You know, when I hear people talk about, yeah, we were there, we were in the Navy SEALs.
I was like, what are you talking about?
What are you talking about?
Tell me what you're doing.
I don't mind.
I would love to use my skills as a vicious killer to go after the enemy.
But for what?
To go where?
To fight against Russia in Finland?
What are you nuts?
Where am I going?
China?
You want me?
I don't know who wants me, but I'm saying, but if I'm 20 years old, to go to where?
Where?
We don't have any military now.
Where's the Rambi Nation?
Where is it?
Do you listen to what's going on with this?
And you've got this brain-dead, drooling idiot?
This guy who was an idiot to begin with, now he's demented?
He's cognitively shelved?
And you should have known this when he started spouting this nonsense about this crap.
Corn pop.
Now listen to me.
Tomorrow.
Bread and circuses, my friend.
Bread and circuses.
Juvenile.
Let's get the actual call here.
Bread and circuses or bread and games.
A metanomic phrase referring to superficial appeasement attributed to juvenile.
A Roman poet.
Active in the first and early second century.
Bread and circuses.
It's very, very simple.
It's a phrase used to deplore the declining heroism of Romans after the Roman Republic ceased to exist and the Roman Empire began.
Two things only the people anxiously desire.
Bread and circuses.
The government kept the Roman populace happy by distributing free food and staging huge spectacles.
Do you know what tomorrow is?
Do you know how absolutely, monumentally, just, just, so, I don't know what the word is.
It is so incredible, this weird, tribal, masculine, again, tribal, Team us versus them.
Absolutely homoerotic in its symbolism, yet it's considered masculine.
Men walking out with accentuated shoulders, right?
Narrowed waist.
Here, bend over.
Lori says, my son will fight for our farm.
Damn it!
I like your son.
And you, Laurie Cut.
I'm a football player.
Bend over!
You!
I said bend over!
Let me stick my hand between your legs.
Yeah!
How do you like that?
Anybody seen Cruisin'?
Here, give me the ball.
Give me the ball between your legs.
That's it.
They could have gone like that.
No, no, give a stick of your hand.
There you go.
There you go.
Isn't it great to be a man?
All right, you ready?
And then we're going to go.
We're going to tackle each other.
We're going to grab each other.
And then, you've heard this before, it's the oldest routine in the world.
Some man wearing silks and little colors.
With a whistle, he comes out and he prances out and he throws down a hanky.
Everything stops.
The big hulking man stops.
Little man with a hanky.
Stop!
You're off sides.
It looks like a Bob Fosse routine.
Five, six, seven, eight.
Yeah.
What is this?
Then we've got this mindless telestrator review.

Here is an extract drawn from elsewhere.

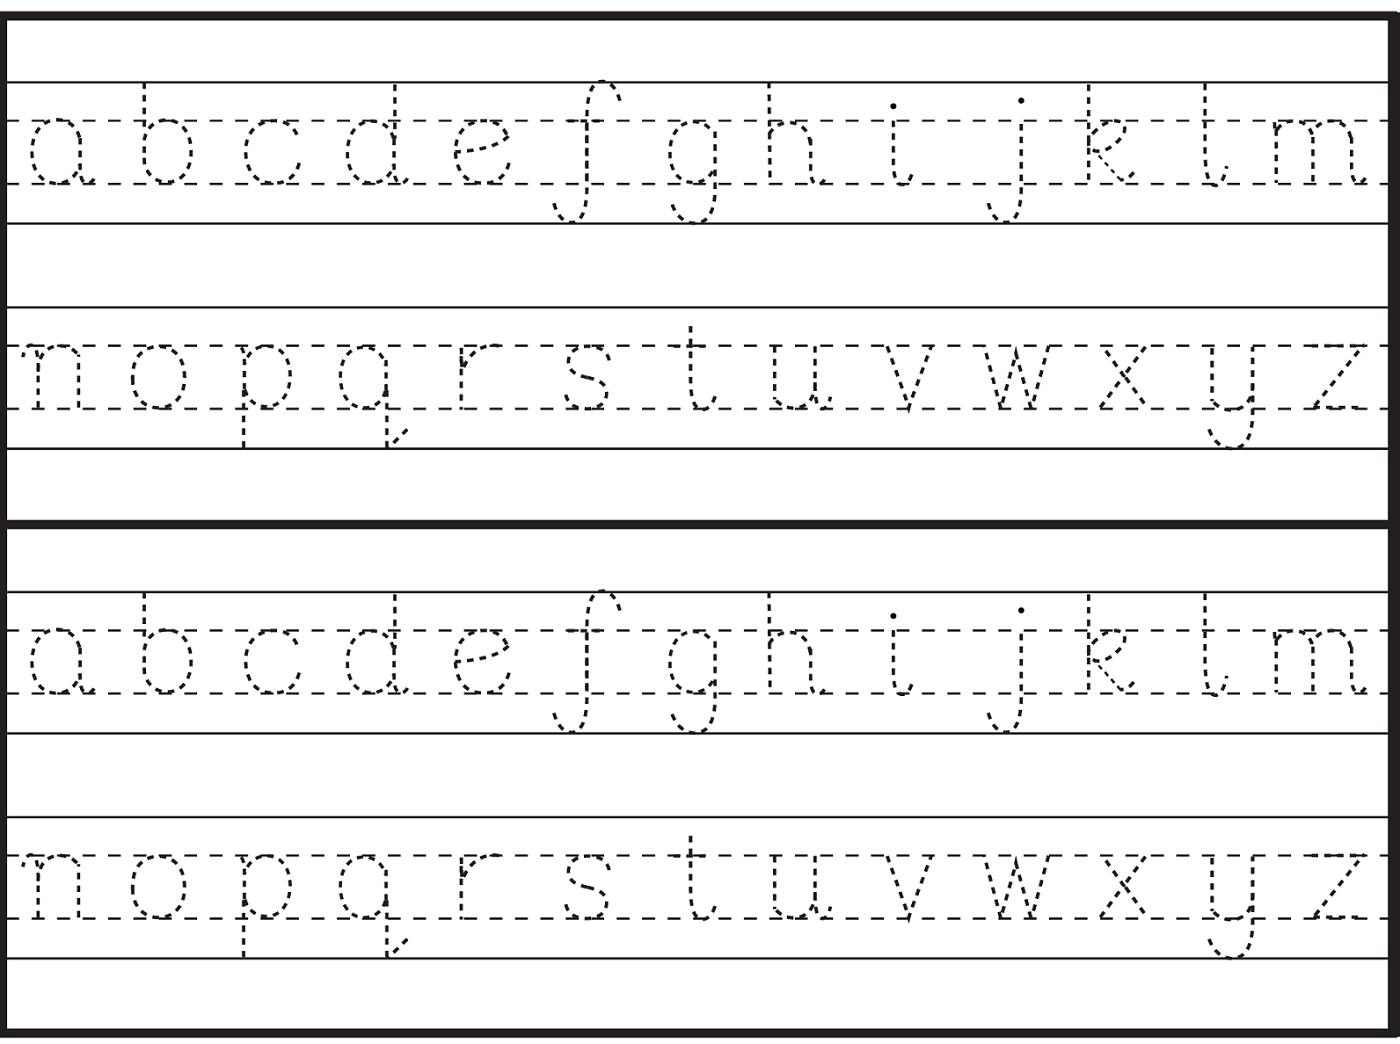 Trace Letters Worksheet For Grade 1

You've got these people who took so many.
You ever heard anybody see anything?
What are we watching?
He threw the ball.
He caught the ball.
What are you telling me?
Mike, it's a good football game.
It's a good football game.
It's a good football game.
You know how to do the pass pattern.
Pass pattern first.
It's a forward pass.
Come on.
Threw the ball.
He caught the ball.
Jesus Christ.
What are you talking about?
It's stupid.
And it's militaristic.
Militaristic.
Bread and circuses always emphasize, emphasize the military, the military, the military.
Right?
Right?
Yes.
You know exactly what this is about.
You know exactly what this is about.
We're pawns.
We're schmucks.
Go ahead.
Fight for this.
Fight for your team.
Wear your colors.
Wear your tribal colors with the name of your favorite.
Oh, he's your favorite.
What is the name of it?
Guy's a moron!
And when that CTE, the chronic traumatic inseplopathy hits and those brains jiggle, you watch.
You watch.
Nobody's saying, hey, I'm pretty screwed up now.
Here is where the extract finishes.